Employee’s Request for a Disability or Religious Accommodation Is Considered Protected Activity Under Change to the Fair Employment and Housing Act
Effective January 1, 2016, an employee’s request for an accommodation for a disability or for religious reasons is considered to be “protected activity” for a retaliation claim under the Fair Employment and Housing Act (“FEHA”).

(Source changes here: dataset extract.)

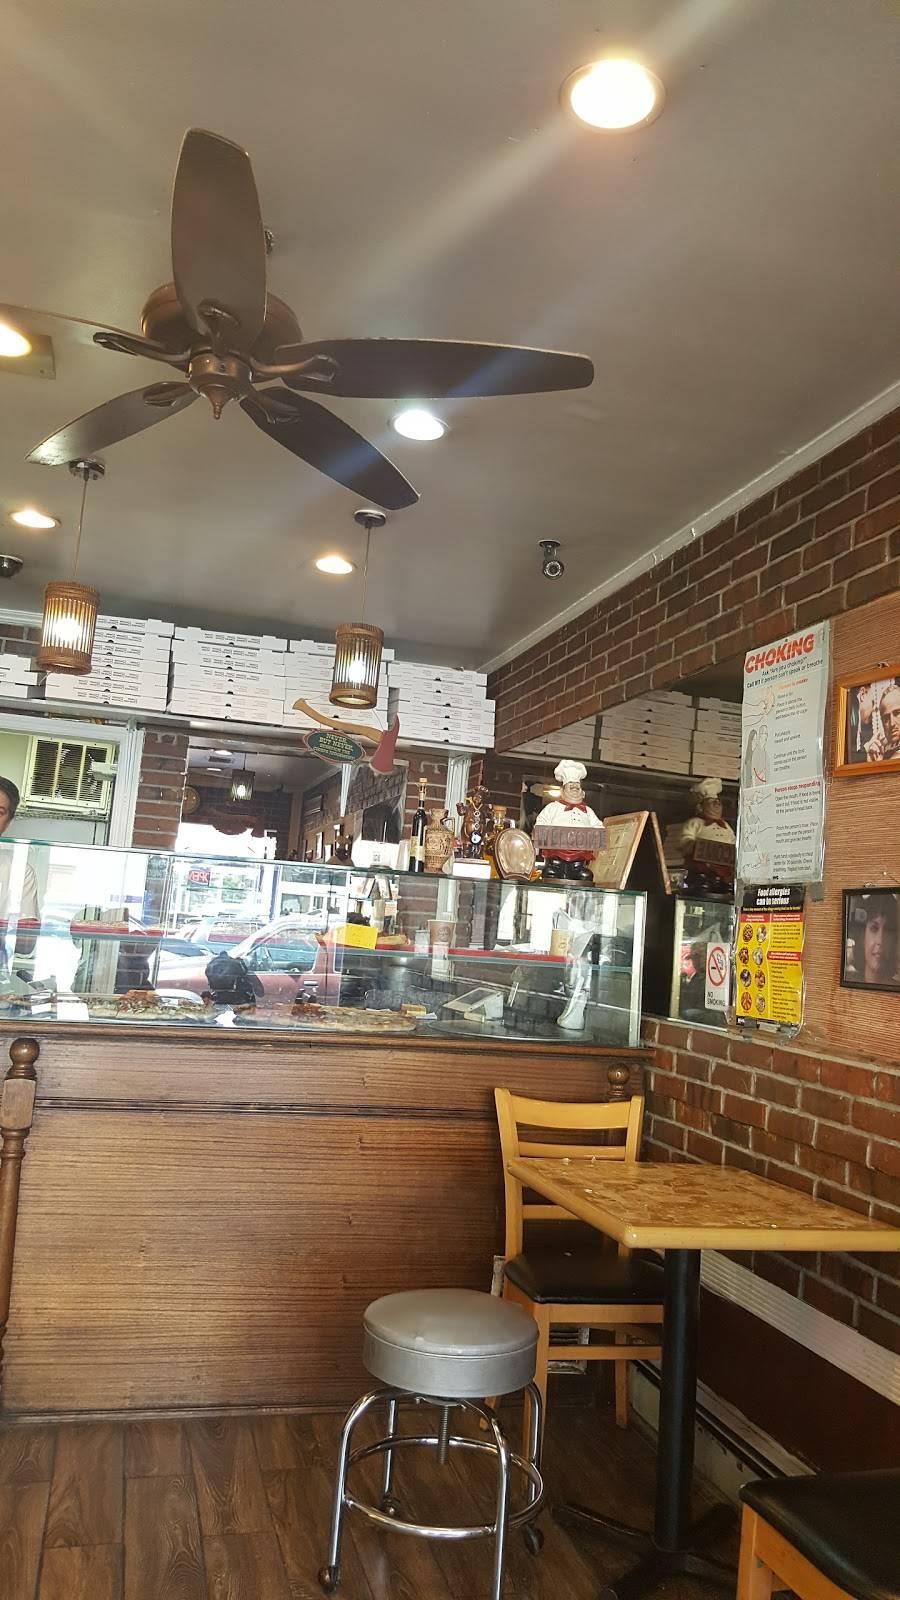 House Pizza | restaurant | 246 E 204th St, Bronx, NY 10458, USA | 7187333336 OR +1 718-733-3336

Existing law requires an employer covered by the FEHA to provide reasonable accommodation of, among other things, a person’s disability and religious beliefs and prohibits discrimination against an employee because the person has opposed any practices forbidden under the act or because the person has filed a complaint. Assembly Bill 987, which was signed July 16, 2015, amends the language of the FEHA to prohibit an employer from retaliating or otherwise discriminating against a person for requesting accommodation of his or her disability or religious beliefs, regardless of whether the accommodation request was granted.
To establish a valid claim for retaliation, an employee must show that: (1) he or she engaged in a protected activity; (2) experienced an adverse employment action; and (3) a causal link exists between the protected activity and the adverse action. Morgan v. Regents of University of California (2000) 88 Cal.App.4th 52, 69. Supporters of this bill maintain that the change in the language clarifies the original intent of the FEHA and properly overturns the holding in Rope v. Auto-Chlor System of Washington, Inc. (2013) 220 Cal.App.4th 635. Prior to the passing of Assembly Bill 987, the Rope holding provided that a mere request for leave as an accommodation did not qualify as a “protected activity” under the FEHA because such a request did not oppose any conduct forbidden by the FEHA. The change in the FEHA language now permits an employee to use a request for an accommodation as evidence of engaging in a protected activity, thereby allowing the employee to meet the first requirement of a retaliation claim. See CA Govt. Code §§ 12940(l)(4), 12940(m)(2).
A request for an accommodation alone, without more, is now considered a protected activity for the purposes of a retaliation or discrimination claim under the FEHA. Accordingly, employers must be cognizant of prior requests for accommodation before making any adverse employment actions. Additionally, employers should remember the importance of written documentation of an employee’s poor work performance. Without evidence of legitimate, non-discriminatory and non-retaliatory reasons for termination, or an adverse employment action, it will be difficult for employers to defeat a prima facie claim of discrimination and/or retaliation under the FEHA even if an employer regularly accommodates an employee’s requests for disability or religious accommodations.